The other aspect can reduce the throttling and cooling effect generated by wellhead exhaust, because the gas is directly suddenly changed from very high pressure to normal pressure (namely, the high pressure before the valve and the normal pressure after the valve), the throttling and cooling effect is obvious and can be frozen, two valves are designed, the high-pressure gas is transited to a lower pressure at the first valve, the lower pressure is transited to normal pressure at the second valve, the throttling and cooling effect is still generated at the two valves, the respective cooling effect is far smaller than that of one valve, a certain distance is reserved between the two valves (the valve C, D can be designed to be 5-10 m), and the throttling and cooling effect generated by the high external environment temperature after throttling and cooling is also helpful for relieving the throttling and cooling effect at the two places. In addition, even if the heating and temperature raising measures are adopted on site, the two-valve heating and temperature raising device is easier to be used for the two-valve situation, and is helpful for quickly relieving the throttling and temperature lowering effects at the valve.

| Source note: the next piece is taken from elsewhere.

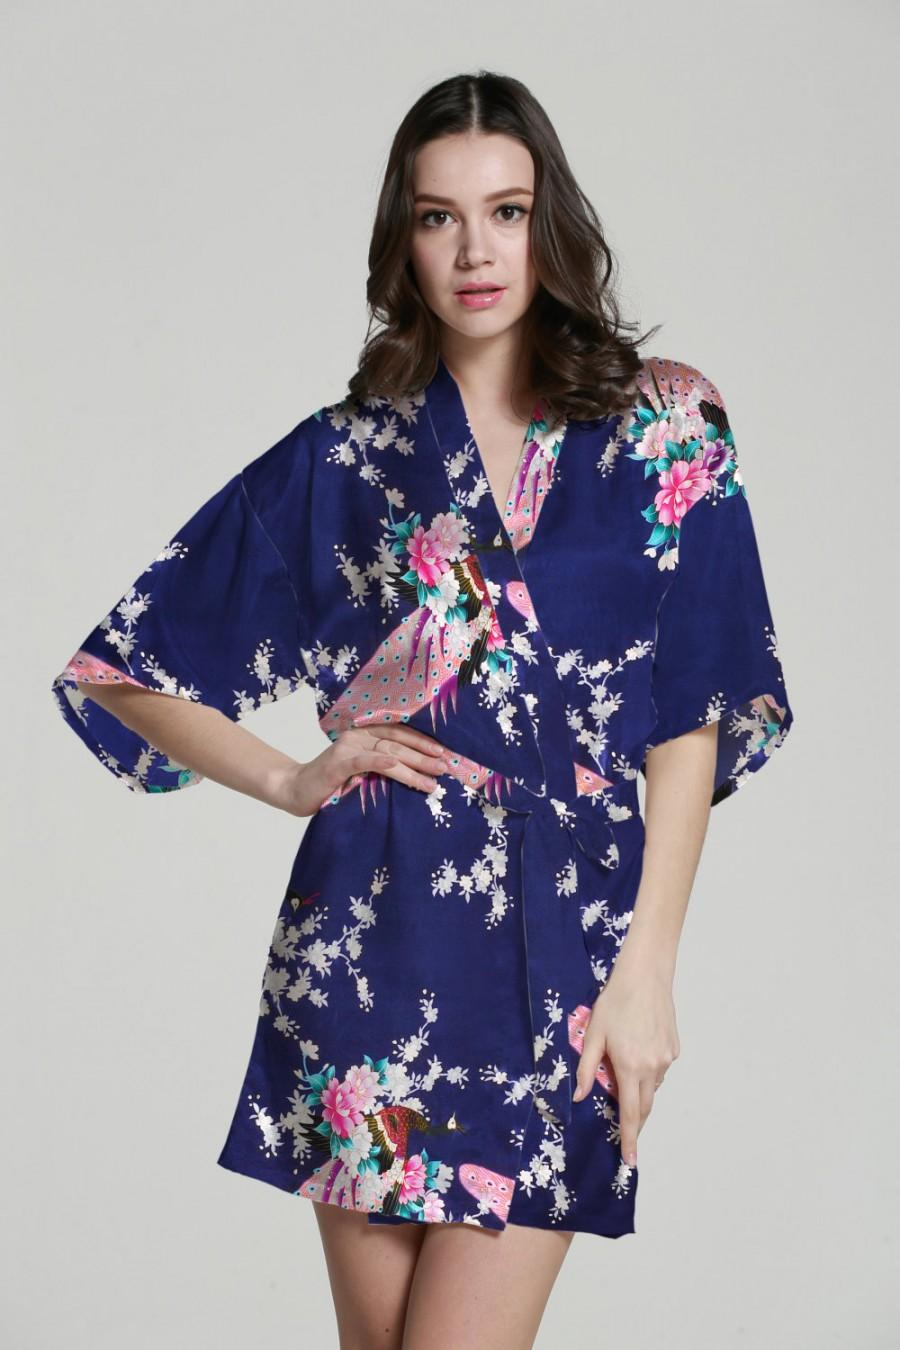 زفاف - Navy satin kimono wedding robes bridesmaids robes bride dresses personalized bridal robe sleepwear nightgown wedding party gifts

The unconventional collaborative well killing method for the high-pressure gas well is realized by the device, and comprises the following steps:

(1) Calculation of injection quantity of well control fluid

According to the well-killing calculation formula of displacement method, the injection parameters of well-killing density and injection flow required by the displacement method can be calculated, so that the pollution-free well-killing liquid with less damage to reservoir can be quickly configured, and preparation is made for quickly carrying out displacement method well-killing, if the well-killing liquid is not prepared on site, the drilling liquid for drilling can be selected to be injected first, so that the initial displacement method well-killing operation can be carried out quickly.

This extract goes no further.